Historians have long argued the USA was, from its inception, destined for explosive showdowns over the size and role of government. Maybe not on the scale of the Civil War, but certainly clamorous schisms, bound to depart from gentlemanly decorum in the collision of political philosophies. What they didn’t necessarily anticipate were the foundational support beams splintering over objective truths, like mathematics, like scientific data, like certified vote counts. Even the southern slave states acknowledged that arch-villain Abraham Lincoln won the election of 1860.

But over the last quarter century, the U.S. has accommodated unprecedented seismic fissures between objective reality and full-throated national psychosis. And nothing has slung more toxic sludge into the breach than Fox News. Yet, the Fox accelerant is less about politics and more about a billionaire’s deep appreciation of addictive human behaviors, and the potential for generating insane profits by waging a rim-to-rim blitz of fear and loathing.

The operation’s genius is its capacity for identifying non-issues or obscure particles – from graduate-level critical race theory courses to the works of Dr. Seuss – and inflating them into zeppelin-sized flying machines that scare the shit out of viewers whose very identities are threatened by the future (where the prospects are always tenuous). Town halls and school board meetings are swamped by the shrieking afflicted, dragging vaccine policies into spittle-lubed showdowns between good and evil.
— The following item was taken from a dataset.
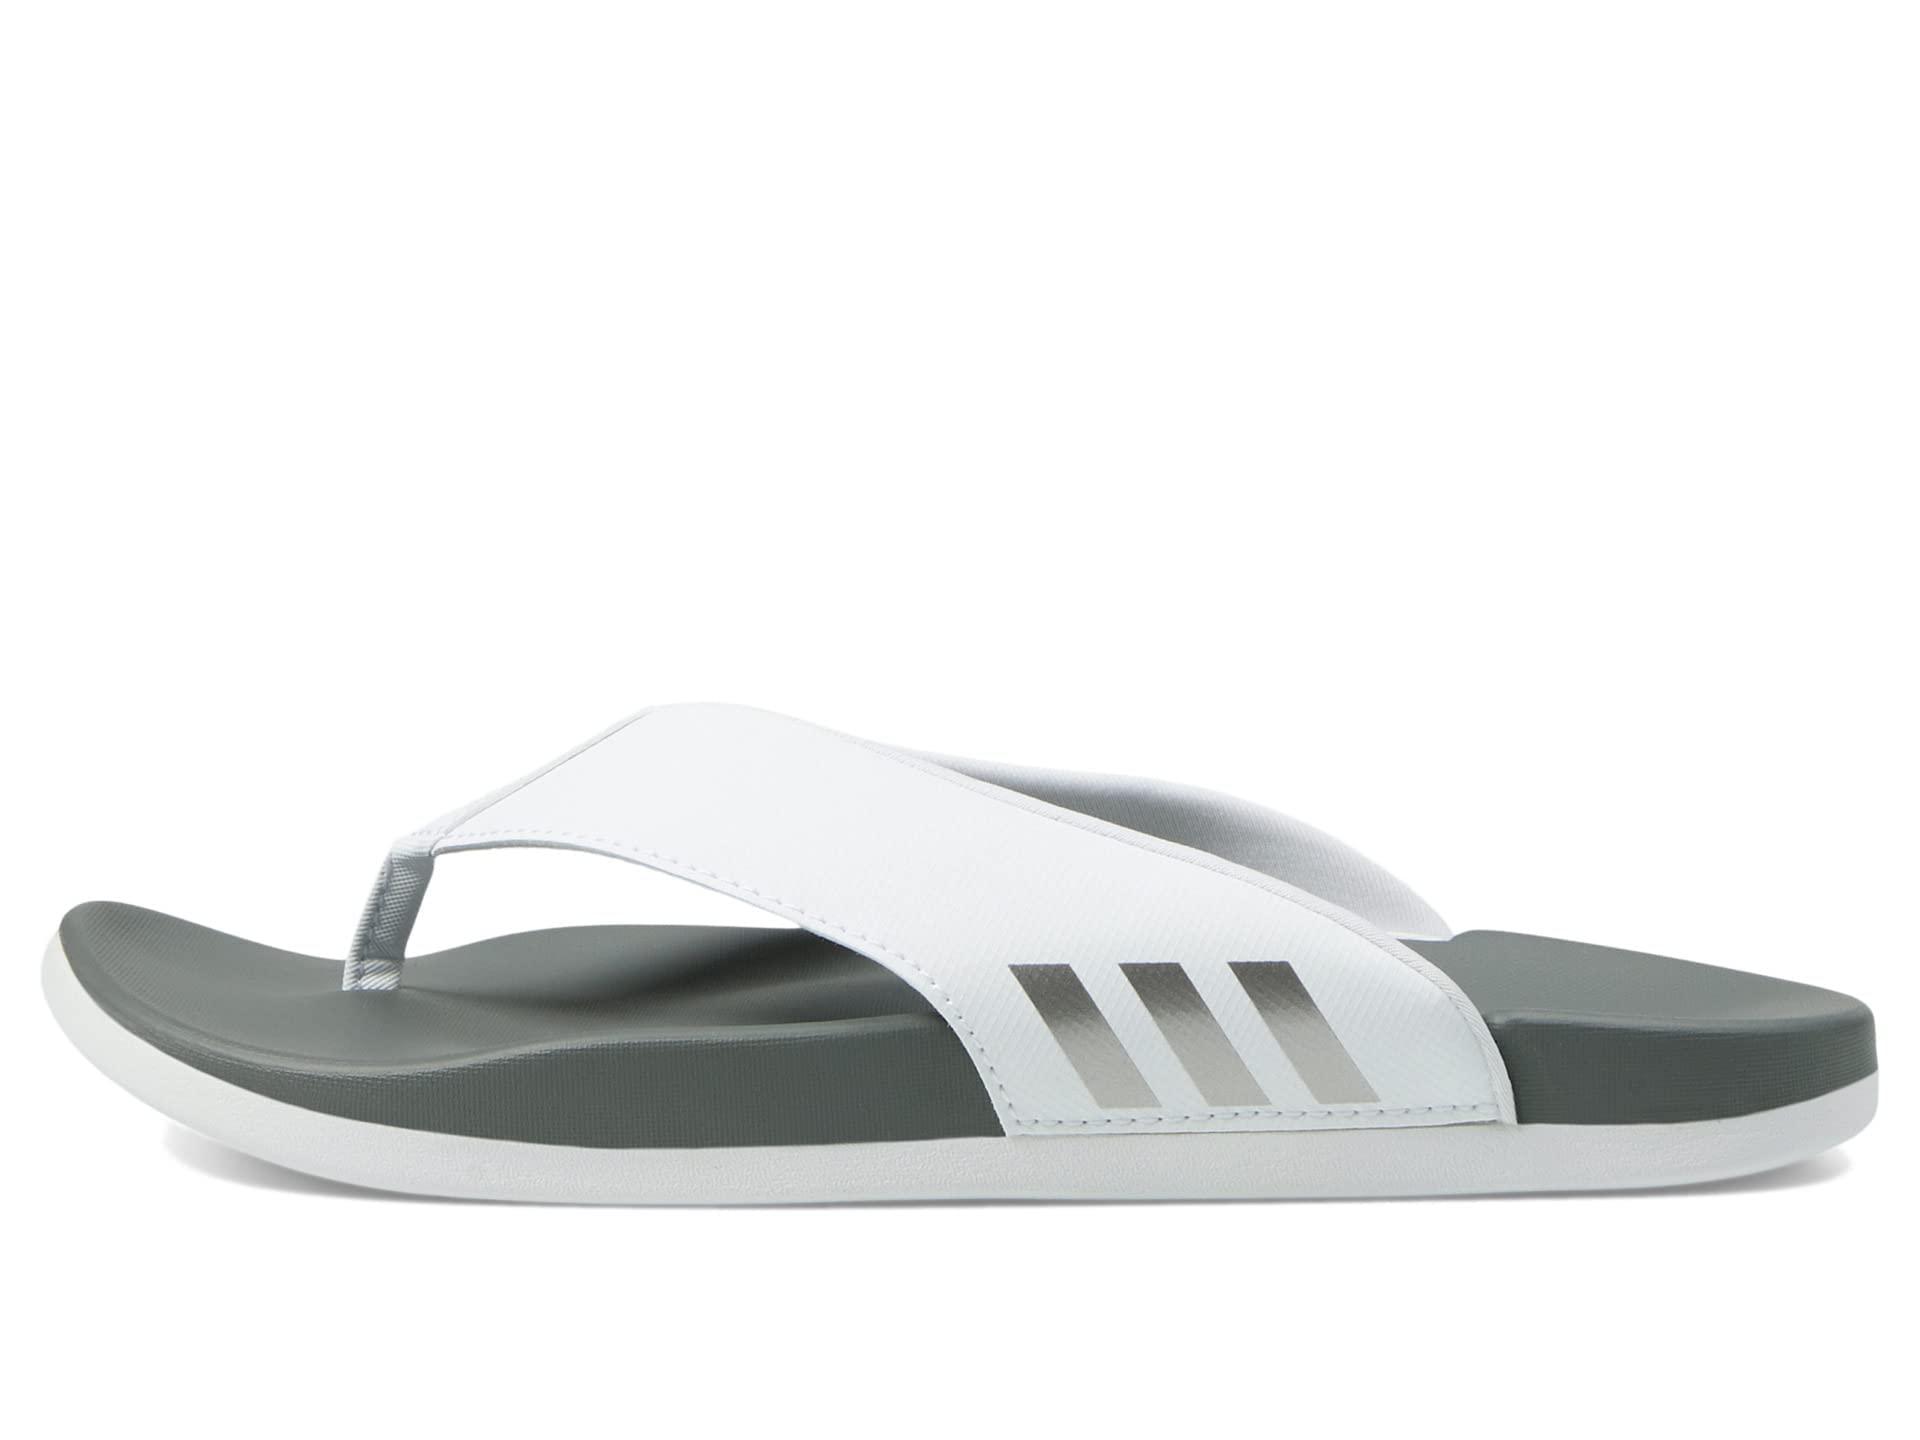 adidas Adilette Comfort Flip-flop White/taupe Metallic 9 B in Gray | Lyst

Even the mob’s reality-show hero, upon watching his followers ransack the Capitol on J6, was astonished by the furious pageantry. As Michael Wolff reported in Landslide: The Final Days of the Trump Presidency, #45 related to the crowd through the analogy he knew best, blurting: “It’s like ‘Let’s Make a Deal.’”

No pressure point, no asterisk, no traditional threads of normalcy or accord, are too granular or trivial to escape the politicization of Fox’s marketing strategists. So imagine what their outrage machinery could manufacture if and when it gets a serious grip on the one high-profile issue Dems and Republicans agreed on last year – the need for a UFO research office in the Pentagon. We saw what might’ve been a sneak preview just last month with Fox prime-time superstar, Tucker Carlson.

Until the NY Times 12/17 coup properly recast the UFO challenge, its subculture was too declasse to even rate as a wedge issue. Roswell alien-costume parades, the Heaven’s Gate suicide cult, garish vendors’ booths at UFO conventions, self-appointed emissaries and prophets – the mainstream media was too distracted by the sideshows to invest serious resources into the complexity of the mystery. And that included Fox News. But not Tucker Carlson.